2026-05-09 · 12 min read

Joining ISUNARABE Joint Practice 2026 with Codex Alone

I joined the ISUNARABE 2026 joint practice using only Codex — pushing it through a Rust-to-Go migration, a DB redesign, and benchmark automation, all hands-off.

isunarabeCodexGo

I joined the ISUCON joint practice on isunarabe using only Codex, and finished in 4th place. I went 100% hands-off with Codex and didn't read a single line of code from start to finish. Here's a record of what I threw at it and what came back.

The setup was Codex installed directly on the instance, edited via SSH from the Codex app. The webapp was originally a Rust implementation, and my plan was to rewrite it to Go during the contest.

Repository

The contest is over, so I made the participation repository public.

trasta298/nrb2026

The participation repo for isunarabe 2026. Contains the Go implementation and a set of skills for Codex.

github.com

The two skills under .codex/skills/ — nrb-bench-log-analysis (for log aggregation and analysis) and nrb-benchmark-loop (for the improvement loop that runs benches via the portal) — weren't prepared in advance. I had Codex create them mid-contest as soon as I needed them.

Rough Strategy

The webapp was originally Rust, but I didn't want to wait for a build every time I ran a bench, so I rewrote it to Go right at the start. Porting between languages isn't a big deal these days, so it's easier to just get it out of the way upfront. On top of that, I locked in just two rules in AGENTS.md:

Manual spec > Rust reference implementation (if the Rust impl is broken or weird, but the manual is explicit, follow the manual)
Performance first, zero backwards compatibility (it's a competition, so go aggressive)

I had this written straight into AGENTS.md.

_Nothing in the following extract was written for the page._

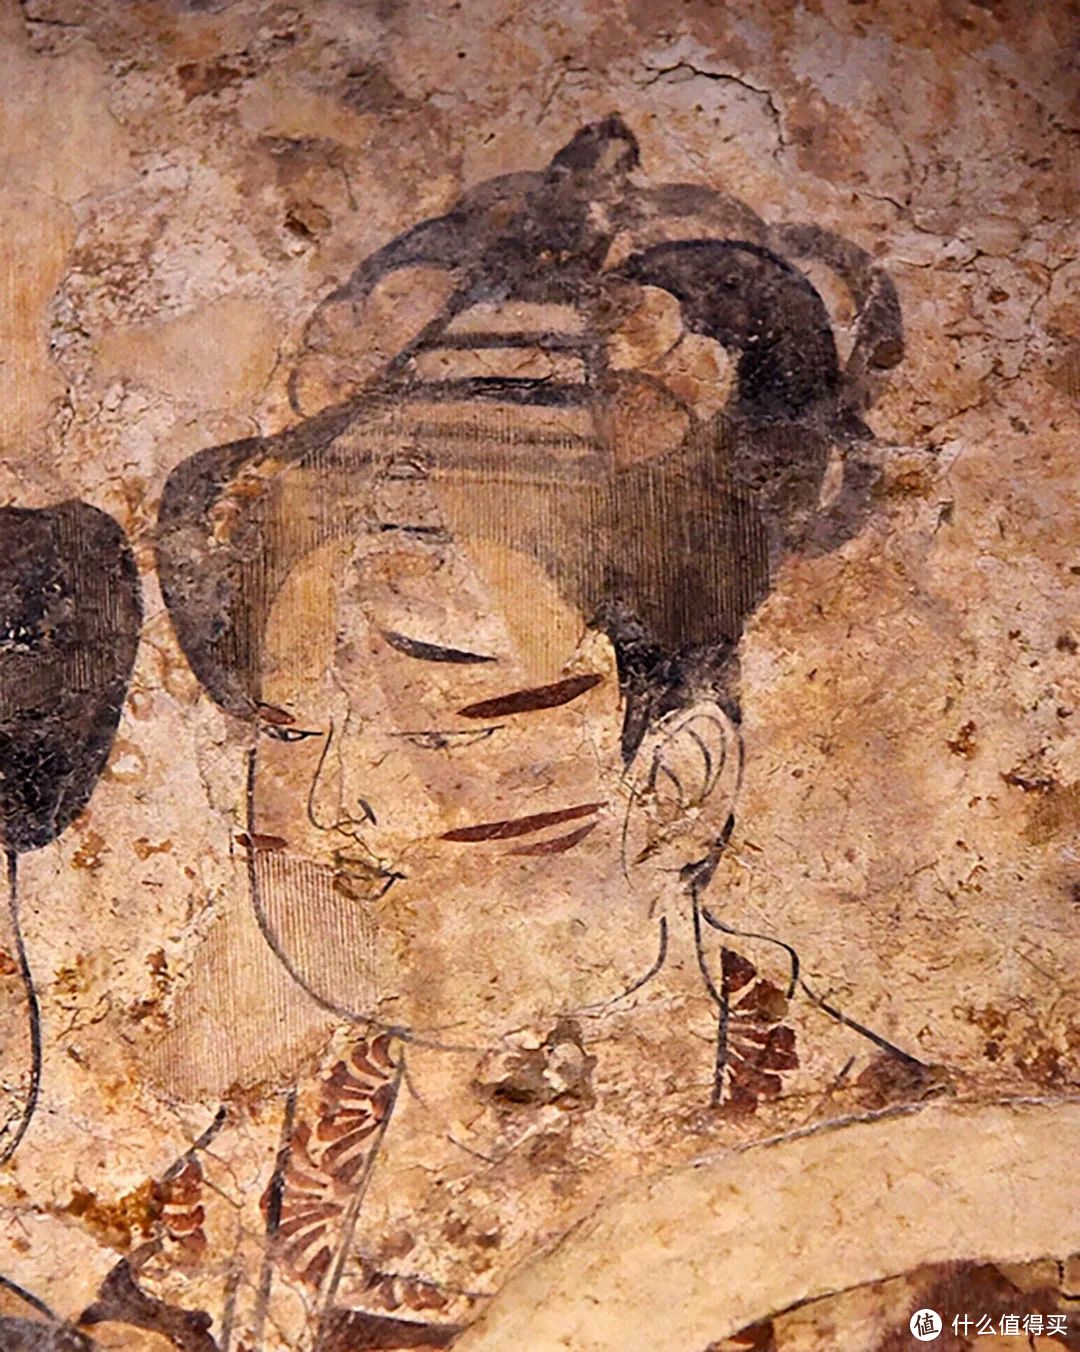 河南安阳中唐时期墓室壁画里画血晕妆的女性 ©“东方妆道”公众号

Start with a Full Endpoint Analysis

This is the first thing I threw at it.

text

The webapp is currently a Rust implementation, but I'm thinking about migrating it to Go.
First, I want you to analyze every current endpoint — what role each endpoint plays, what data flows through it — and summarize it in markdown. Maybe also write an e2e test script.
For this work, spin up a lot of subagents and analyze in parallel. Also, the SQL DB schema is changeable per the manual, so write it in a way that isn't tied to the DB structure.

What came back:

text

Done. I integrated the analysis from 5 subagents and summarized it as an HTTP contract that isn't bound to the DB structure.

Created/changed:

- webapp-api-contract.md
  Organized every endpoint's role, auth, request/response, validation, state transitions, notifications, charges, credit, image/ETag, and the invariants the Go migration needs to preserve.

- e2e_smoke.py
  An API smoke test that runs against a `BASE_URL` you specify. Covers `initialize`, user creation, saved search, campaign creation, image/ETag, join, notification dedupe, charges, credit limit, and a light concurrent-join probe.

- .gitignore
  Added an unignore so that `webapp/e2e_smoke.py` doesn't end up ignored in the repo.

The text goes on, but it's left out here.